The idea is following: we assume that minimum sum interval always starts from 0. Then we start to enumerate maximum sum intervals, starting from the right boundary of the minimal interval. We build DP problem for current max interval to determine a minimum maximal sum. After that you update result and rotate an array by one.
My code is not perfect in a way that I compute current sums each iteration. One can pre-compute them and just index them each time.
This code might have some bugs, but it passes all test that I have.
#include <climits>
#include <cstdio>
#include <cstring>
const int max_value = 200000;
const int max_n = 50;
const int max_k = 20;
int deps[max_n];
int max (int x, int y) {
return x > y ? x : y;
}
int min (int x, int y) {
return x < y ? x : y;
}
int sum (int a[], int start, int end) {
int res = 0;
for (int i = start; i <= end; ++i) res += a[i];
return res;
}
int k_partitioning(int k, int n, int deps[]) {
int res = max_value;
for(int offset = 0; offset < n; ++offset) {
int l_min = 0;
for(int r_min = l_min; r_min < n; ++r_min) {
int min_sum = sum (deps, l_min, r_min);
int dp[k][n];
for (int s = 0; s < k; ++s) {
for (int q = 0; q < n; ++q) {
dp[s][q] = max_value;
}
}
// assuming that current sum is a target sum
dp[0][r_min-l_min] = min_sum;
for(int p = 1; p < k; ++p) {
for(int l_max = r_min; l_max < n; ++l_max) {
for(int r_max = l_max; r_max < n; ++r_max) {
int max_sum = sum(deps, l_max+1, r_max);
if (max_sum >= min_sum) {
dp[p][r_max] = min(dp[p][r_max], max(dp[p-1][l_max], max_sum));
}
} // l_maxs
} // r_maxs
} // partitions
// skip incorrect partitioning, when not all K partitions were used
if (dp[k-1][n-1] == max_value) continue;
// update difference
res = min (res, dp[k-1][n-1] - min_sum);
} // end min sum seg
int tmp[n];
for (int i = 0; i < n; ++i) {
int new_idx = i + n - 1;
tmp[new_idx % n] = deps[i];
}
for(int i = 0; i < n; ++i) deps[i] = tmp[i];
} // start min sum seg
return res;
}
int main(int argc, char* argv[]) {
int k = 0;
scanf("%d", &k);
int n = 0;
scanf("%d", &n);
for (int i = 0; i < n; ++i) {
scanf("%d", &deps[i]);
}
printf ("%d\n", k_partitioning(k, n, deps));
return 0;
}
Solution without rotations:
1) Compute max M and total S of the array - O(n)

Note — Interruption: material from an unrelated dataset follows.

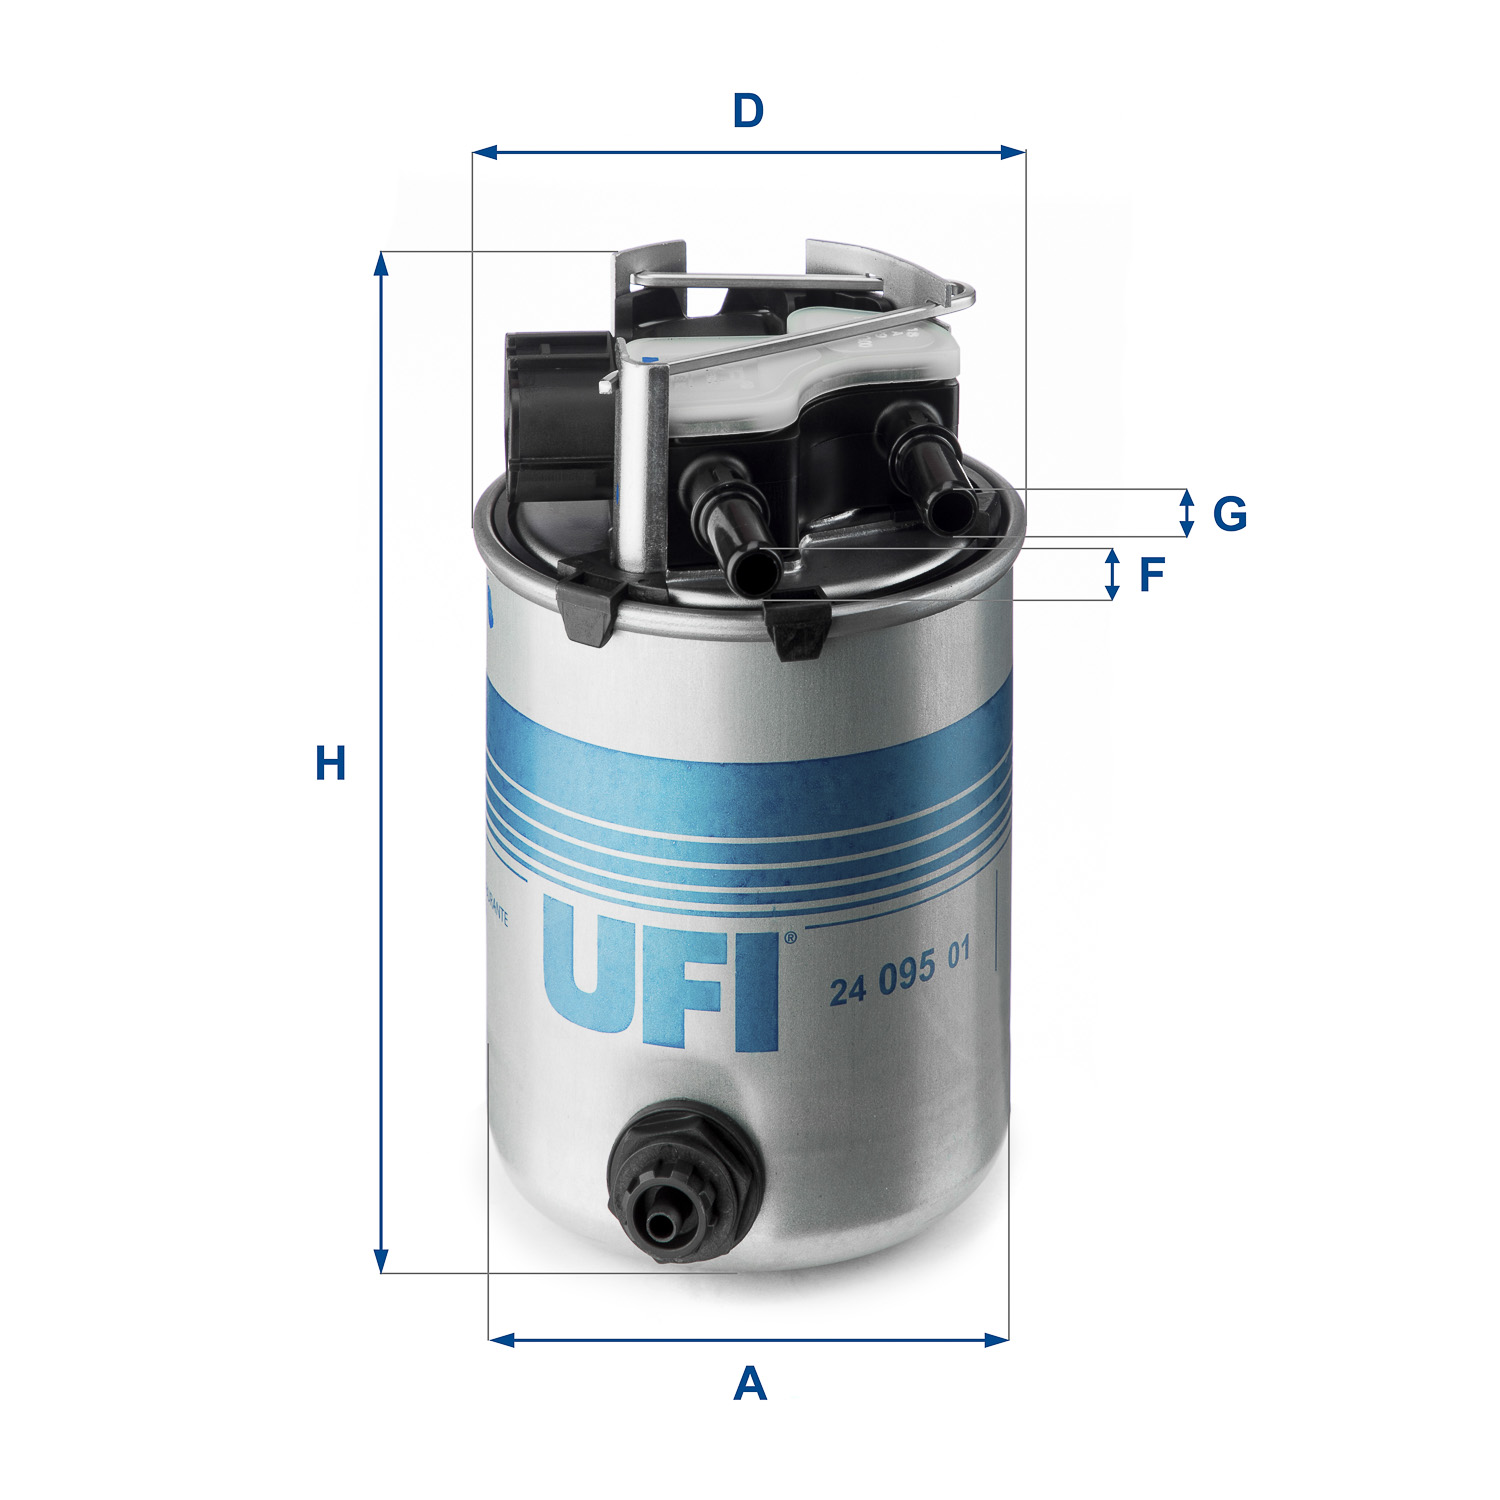 UFI  yakit filtresi renault kadjar 15 dci16 dci 2015 oem montaj urun 2409501 4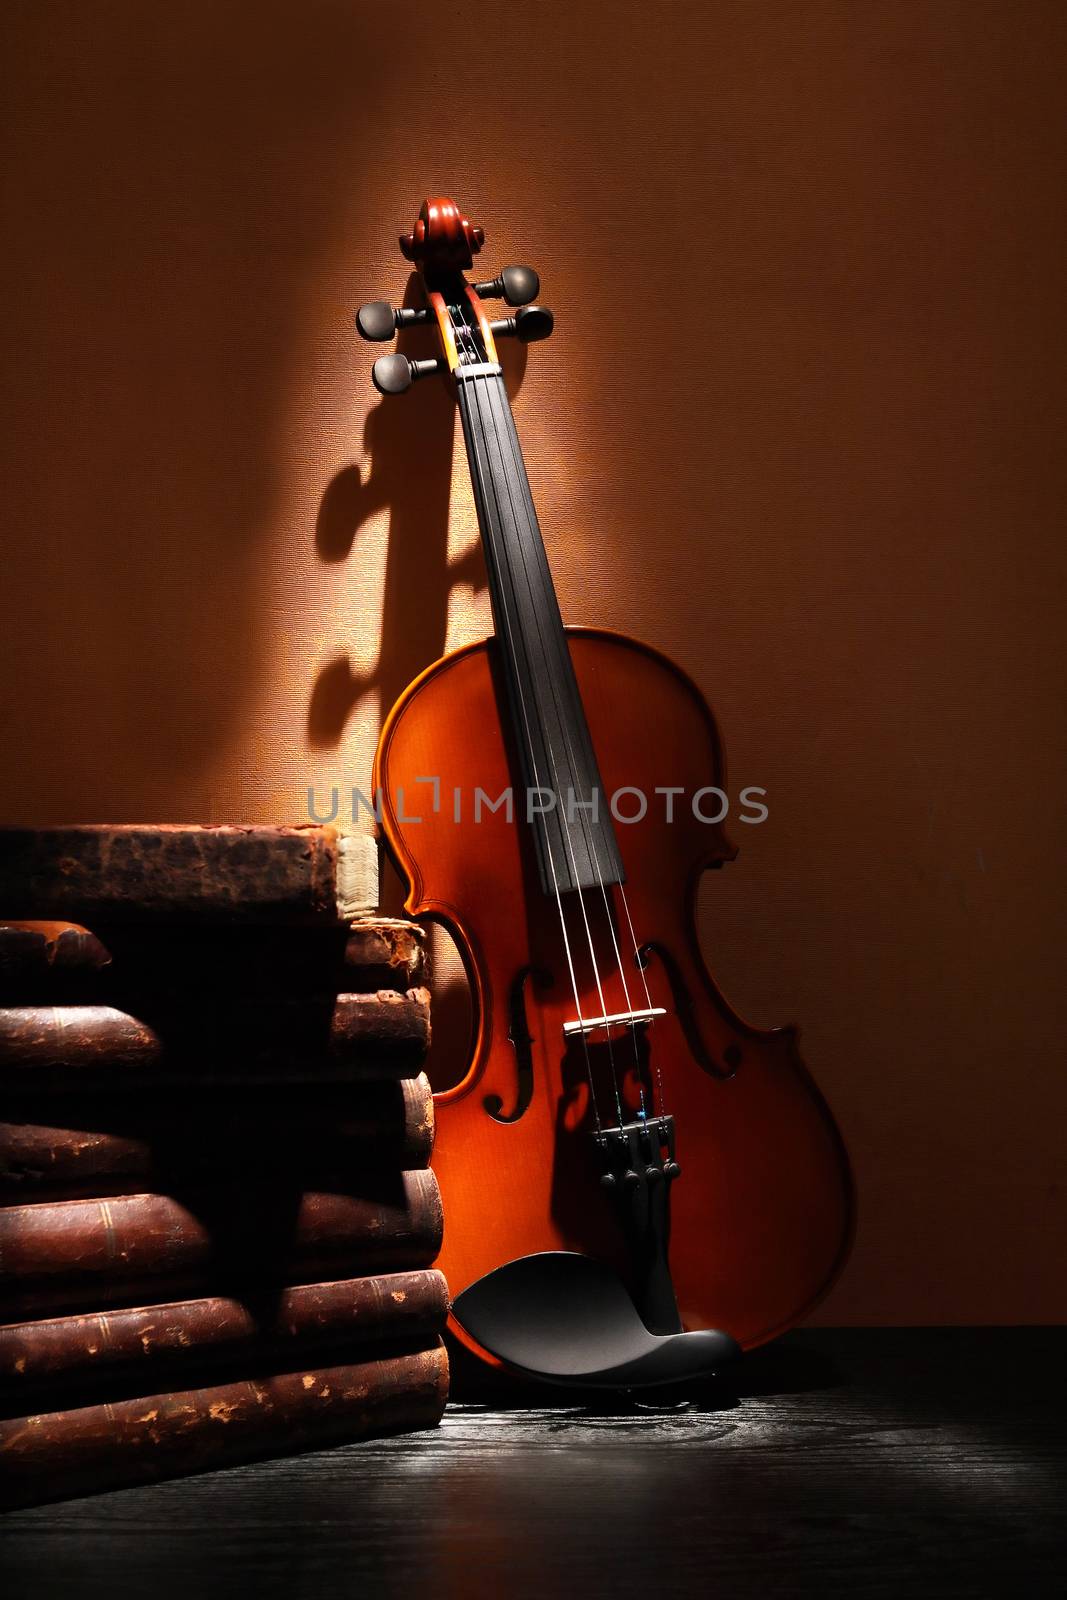 Violin Near Books by kvkirillov

2) Let there be a function F(P), which returns True if it is possible to get a Sum P or less with k (>= 0) partitions still remaining.
3) Do a binary search on range(M, S) using F. - O(log(S-M))
4) Logic behind F: Fill a bucket till it's not greater than S/K. Then move onto next bucket. If there are still items remaining and no buckets remaining, then the answer is false - O(n)
Time Complexity = O(n) + O(n) * (log(S-M)) = O(n*log(S-M))
Solution with Rotations:
For all rotations in [0, 1, ... N-1], compute min sum.
Total Time Complexity = O(n) * O(nlog(S-M)) = O(n^2*log(S-M))
Now that you've got your code working, here's an alternative method :)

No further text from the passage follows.